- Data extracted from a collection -
^^^^^^^^

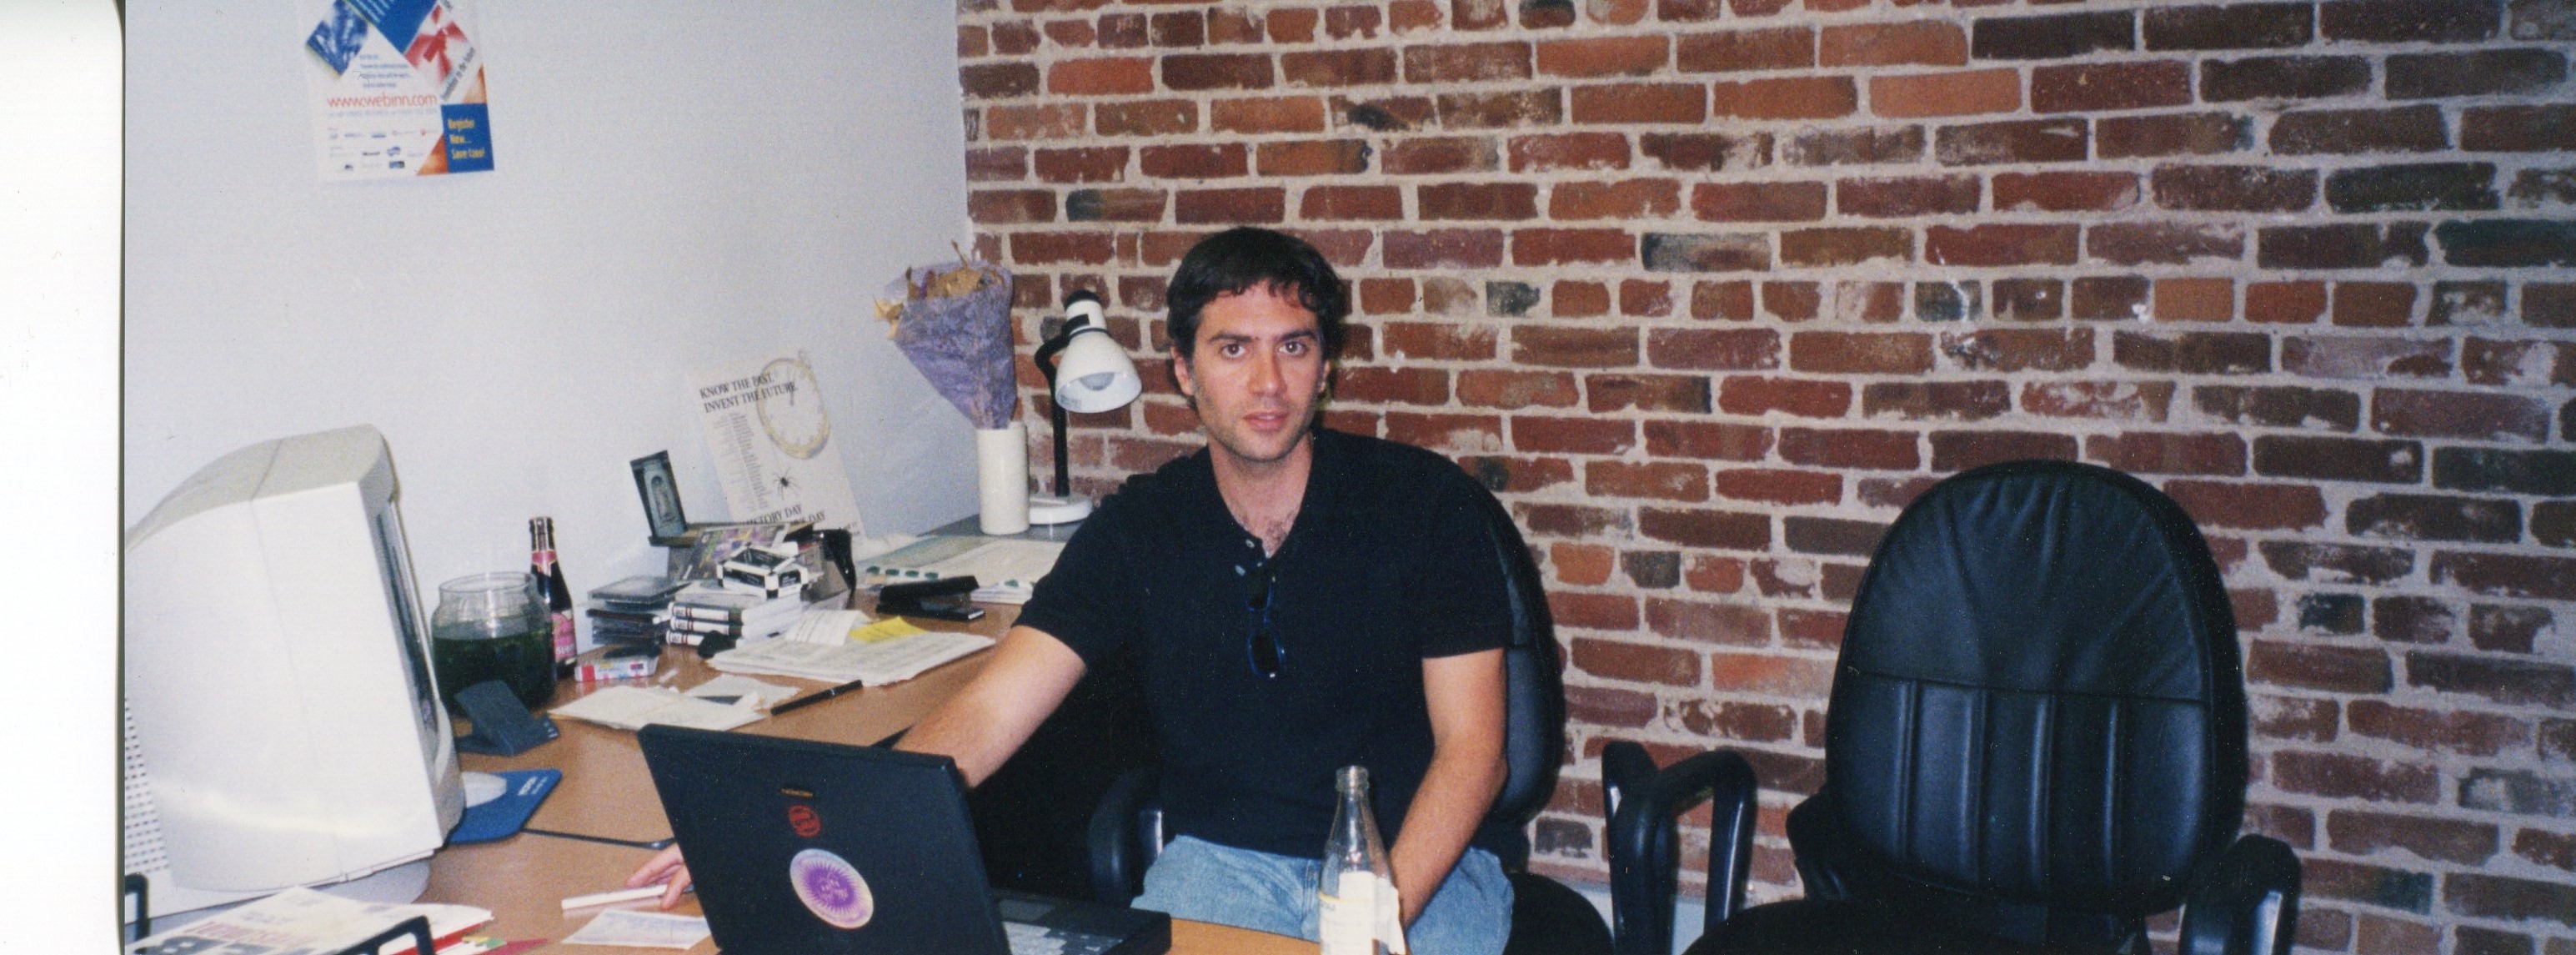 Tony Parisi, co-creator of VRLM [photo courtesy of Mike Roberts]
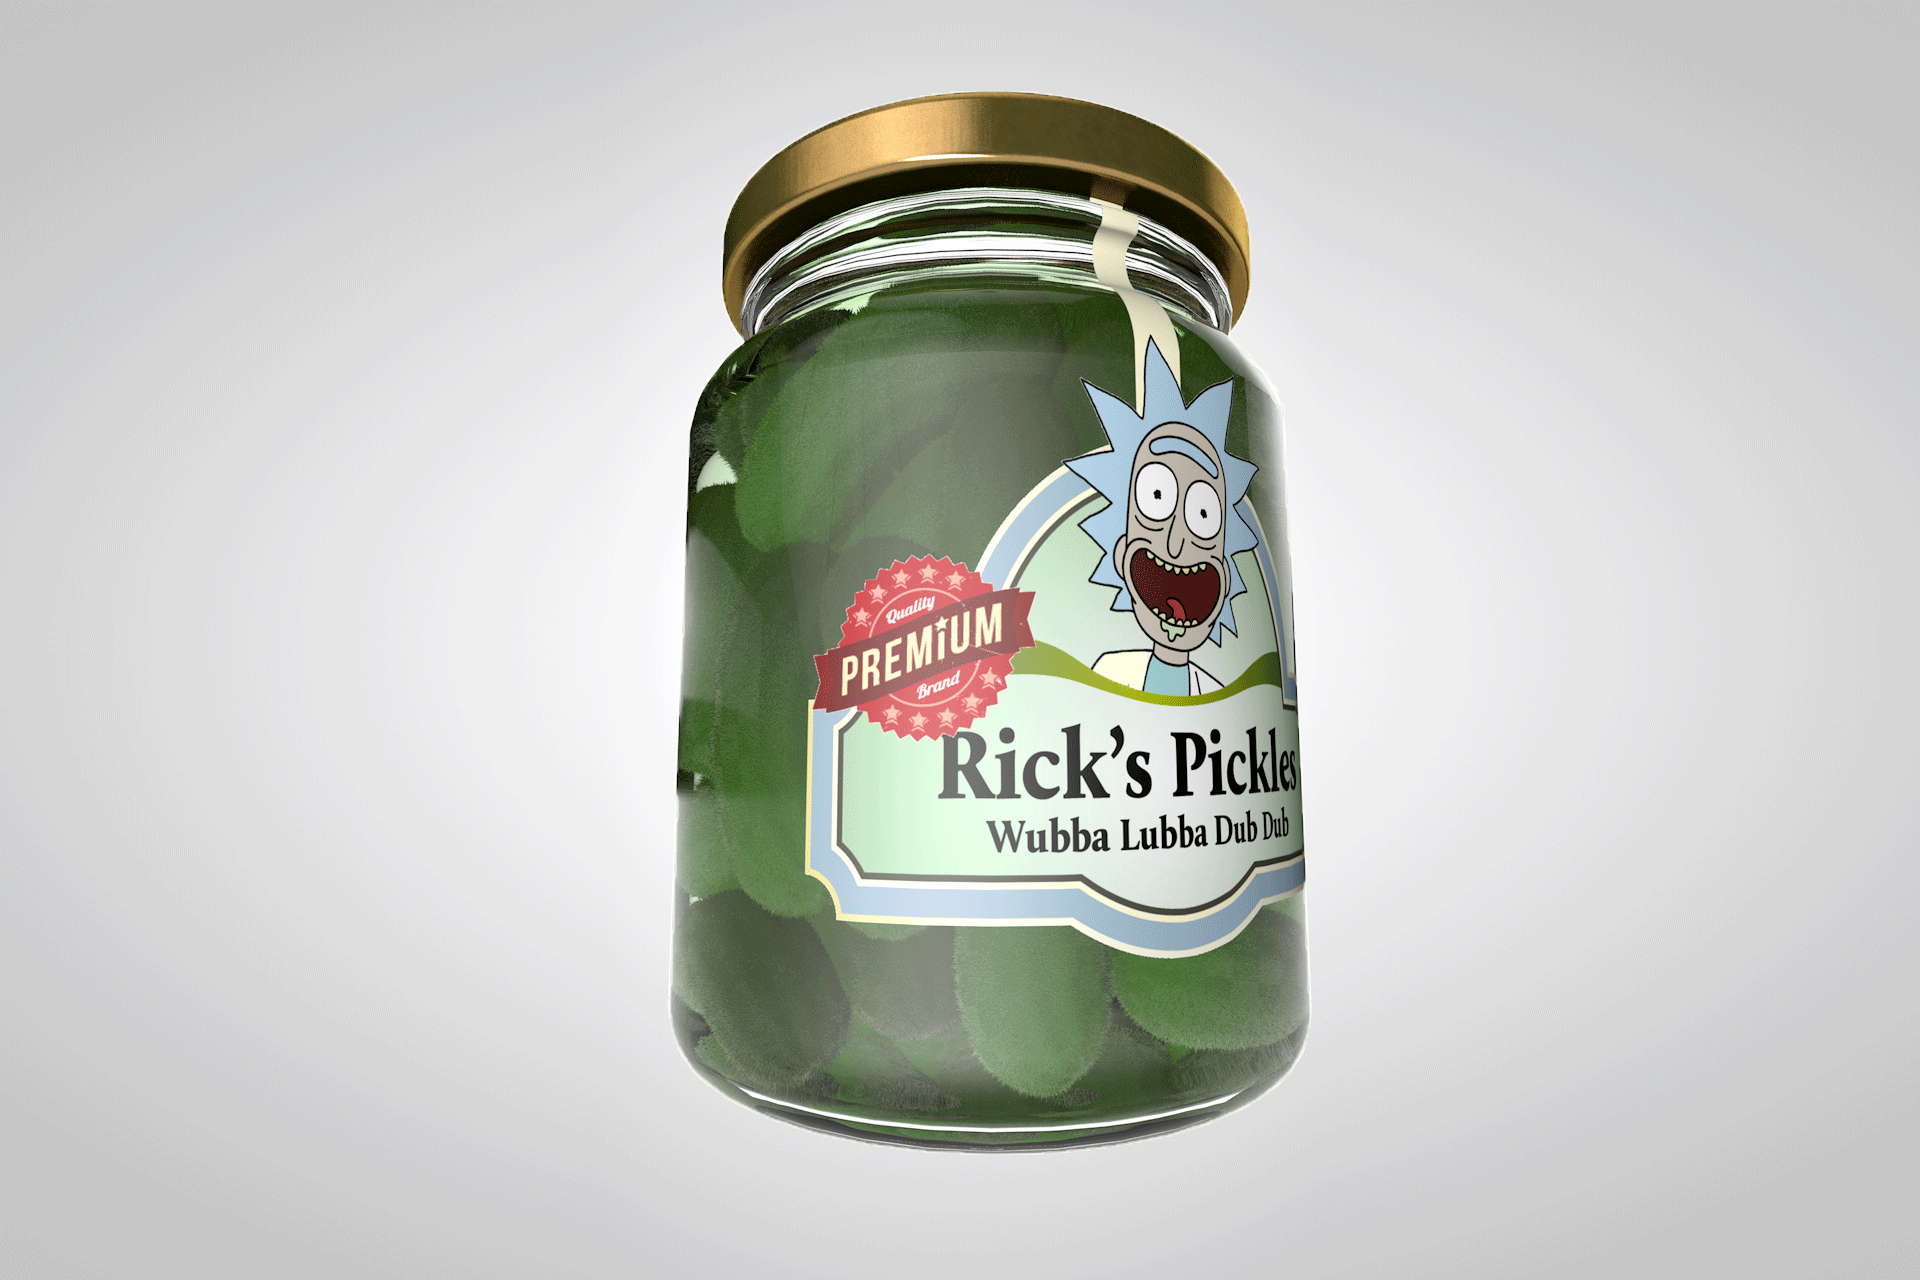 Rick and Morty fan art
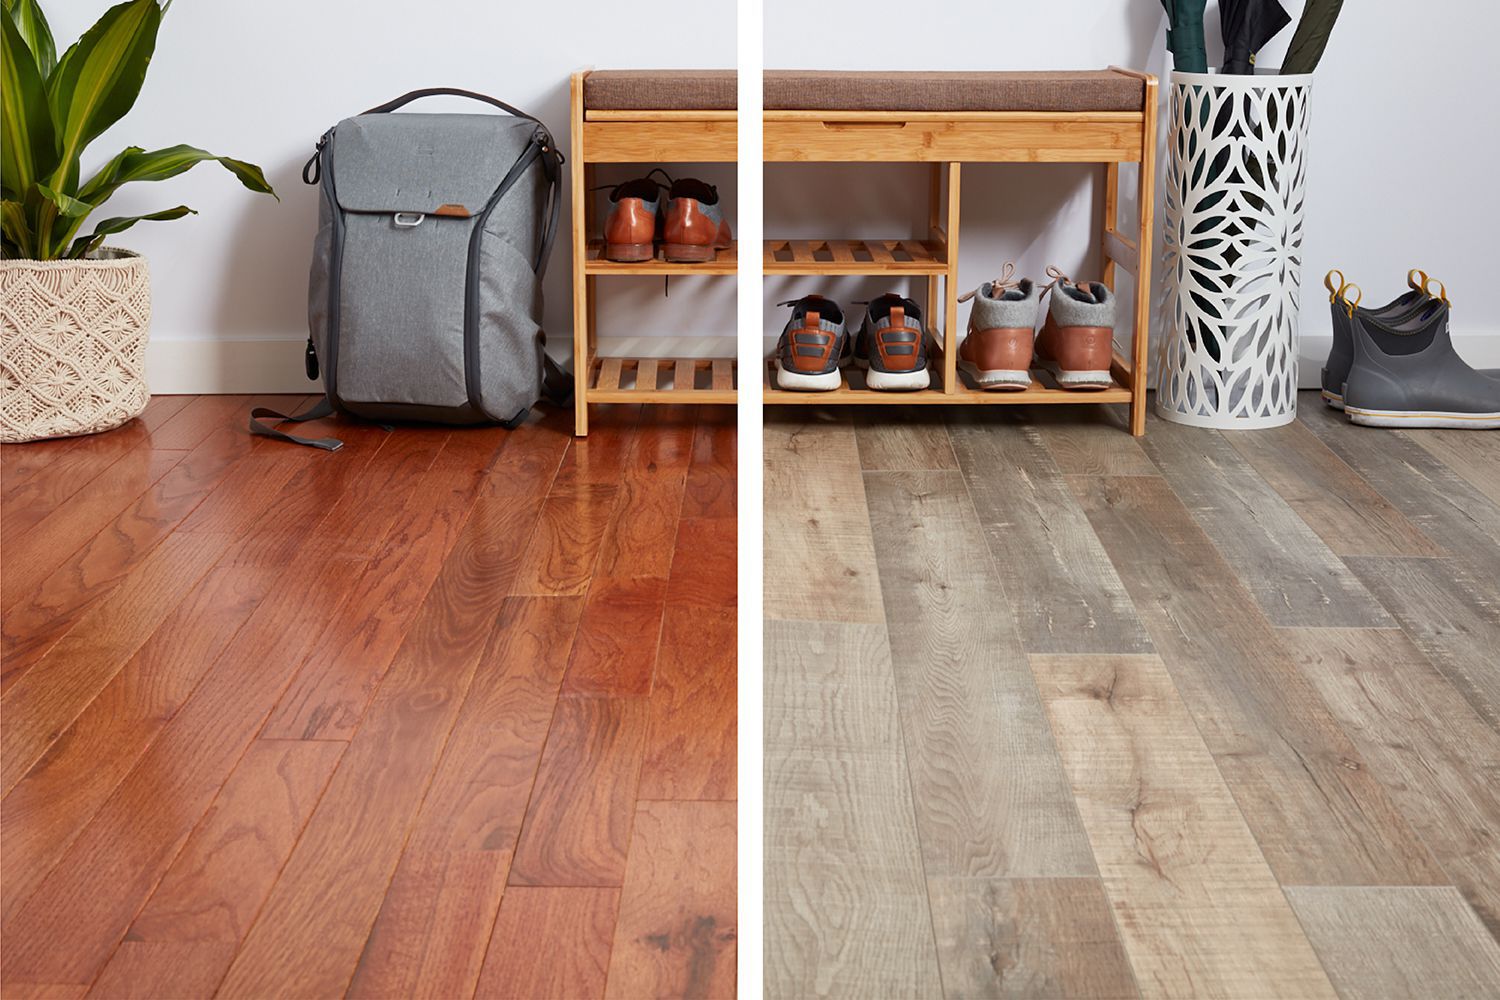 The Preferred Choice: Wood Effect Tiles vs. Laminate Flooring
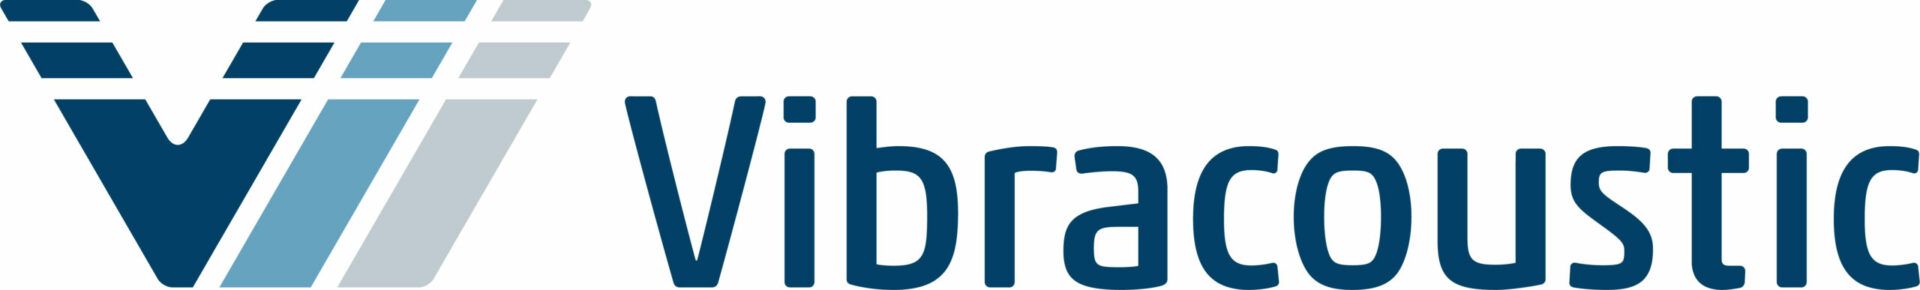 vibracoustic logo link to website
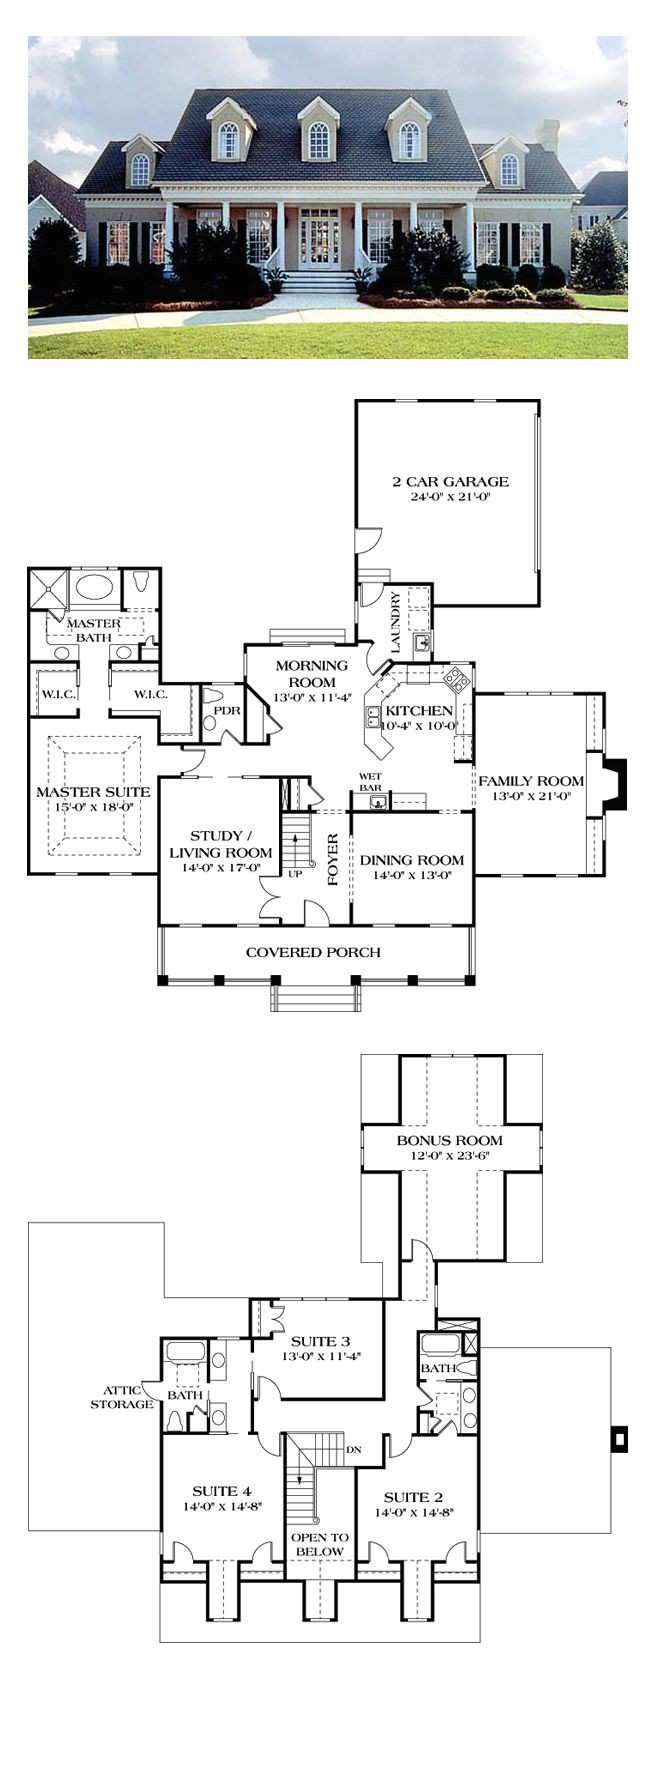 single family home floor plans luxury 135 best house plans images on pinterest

^^^^^^^^

From the line containing "vibracoustic logo link to website" down to the last line of the records above, repeat every line exactly and nothing else, dropping any pictures.

- Finished task -
 vibracoustic logo link to website
 single family home floor plans luxury 135 best house plans images on pinterest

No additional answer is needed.